__WORK INSTRUCTIONS__. Reproduce the data in full, exactly.

··· SOURCE INFORMATION ···

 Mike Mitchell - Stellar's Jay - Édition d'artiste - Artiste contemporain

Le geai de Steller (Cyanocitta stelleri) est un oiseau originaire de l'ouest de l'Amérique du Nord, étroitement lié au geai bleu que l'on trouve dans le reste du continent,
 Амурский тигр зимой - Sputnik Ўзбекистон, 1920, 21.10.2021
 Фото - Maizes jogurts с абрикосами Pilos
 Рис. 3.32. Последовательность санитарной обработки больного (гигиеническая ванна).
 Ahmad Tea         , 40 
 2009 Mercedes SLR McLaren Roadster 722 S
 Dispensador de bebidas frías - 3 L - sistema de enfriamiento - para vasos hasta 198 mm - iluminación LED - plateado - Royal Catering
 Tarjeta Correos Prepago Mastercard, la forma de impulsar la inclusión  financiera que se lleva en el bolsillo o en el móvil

···

__TASK OUTPUT__.
 Mike Mitchell - Stellar's Jay - Édition d'artiste - Artiste contemporain

Le geai de Steller (Cyanocitta stelleri) est un oiseau originaire de l'ouest de l'Amérique du Nord, étroitement lié au geai bleu que l'on trouve dans le reste du continent,
 Амурский тигр зимой - Sputnik Ўзбекистон, 1920, 21.10.2021
 Фото - Maizes jogurts с абрикосами Pilos
 Рис. 3.32. Последовательность санитарной обработки больного (гигиеническая ванна).
 Ahmad Tea         , 40 
 2009 Mercedes SLR McLaren Roadster 722 S
 Dispensador de bebidas frías - 3 L - sistema de enfriamiento - para vasos hasta 198 mm - iluminación LED - plateado - Royal Catering
 Tarjeta Correos Prepago Mastercard, la forma de impulsar la inclusión  financiera que se lleva en el bolsillo o en el móvil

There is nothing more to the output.